You are in the MSR form and have received the following information (e.g. by moving the mouse pointer over note):

Note:
No safety mechanism has yet been derived from the “action in customer operation” anchored here.
By right-clicking the info icon, you will see the “Open web page (note)” which leads you to further information on this topic.

The above note indicates to the IQ-user that a safety mechanism still needs to be derived from the “action in customer operation”, in order to create a link in the Failure Graph (Failure Net). In order to derive safety mechanisms from actions, it is advised to use the context menu in the MSR form (right mouse button) and execute the command “Derive Safety Mechanisms from Actions”. The following images illustrate this process. Note that your display-option settings may vary and thus not show all elements you can see here.

The initial situation in the Structure Editor shown below shows that for failure f1 (focus failure) there is an initial state with two action groups of the type “Customer Operation”, which themselves each contain two actions. Safety mechanisms have already been derived from two out of four of these actions, but not yet from the other two. For the sake of clarity, the derived safety mechanisms have been placed in a separate structure element.

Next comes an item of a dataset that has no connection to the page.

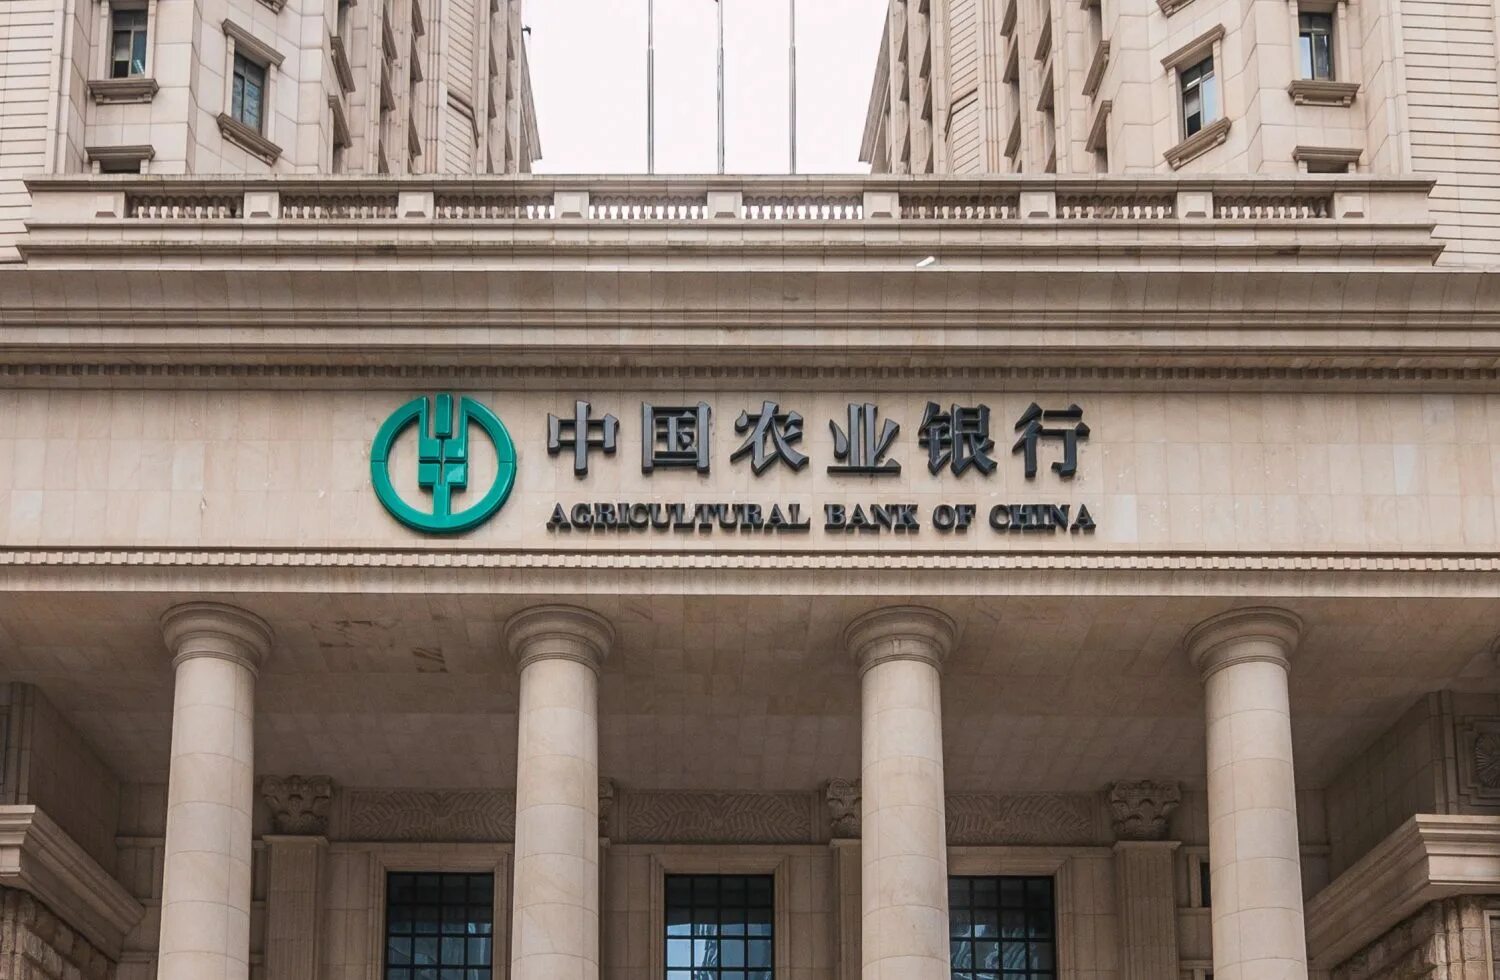 Abc bank. Банк Китая (Bank of China). Сельскохозяйственный банк Китая. Банки развития Китая. Агрокульурный бан Китая.

The Failure Graph gives a better understanding of how the failures and safety mechanisms are linked to each other.

This is how these elements look in the MSR Form.

The rule here is that actions in customer operation that have an initial state and from which no safety mechanism has yet been derived are first placed in the “OPTIMIZATION (STEP 6)”, as is done here with Er Det and Er Resp.

The information icon that appears at both Er Det and Er Resp indicates to you that a safety mechanism also needs to be derived here, as described above. If, for example, a safety mechanism is derived for Er Det, this creates a new IQ-object which must be anchored in the structure. This “anchoring” occurs via a new system element generated by the IQ-Software. In the case above, the structure element has a safety mechanism of type “Error detection”. As such, the IQ-Software generates the element with the following name “System-generated anchor: Error detection”.

In our example, both Er Det 1 and Er Resp 1, also located in “initial state”,  have already had safety mechanisms assigned via this process. As such, both appear in “RISK ANALYSIS (STEP 5)”, as this is where initial state elements would appear in the MSR Form.

The following images show in various editors (Structure Editor, Failure Graph, MSR Form) an example, whereby, out of the action Er Det a corresponding safety mechanism with the same name (including prefix “DM:”) is created.

Because the action Er Det is anchored at failure f1, the IQ-Software knows that the safety mechanism derived from it – here assigned with the name “DM: Er Det” – must show up in the Failure Graph as an effect of  f1. Therefore, the Failure Graph shown below results automatically.

Das MSR-Formblatt schließlich hat das nachfolgende Aussehen:

As expected, the action Er Det can now be found in the MSR form “RISK ANALYSIS (STEP 5)”. This is because, on the one hand, it is located in an initial state and, on the other hand, because a safety mechanism (DM: Er Det) has been derived from it.

Further observation:

Finally, we will use the example of the Er Resp action to show what happens when a safety mechanism is generated from an action, this time in a “revision state”. The Structure Editor looks as follows:

Moving the action Er Resp to a revision state does not change how the MSR Form looks. However, if a safety mechanism is generated from Er Resp in a revision state via the MSR form, this has consequences in the Structure Editor, in the Failure Graph and in the MSR form. The IQ-Software automatically creates the “system-generated” element (Error response), as can be seen below:

The Failure Graph, in this case, looks as follows. As an FMEA creator, you can now manually adjust how failures, error responses and detections link to each other according to your Risk Analysis.

The following image shows the MSR Form, whereby the revision state deadline has been set to “completed”. Because the safety mechanism Er Resp was derived from an action in a “revision state”, the data is found in “OPTIMIZATION (STEP 6)”.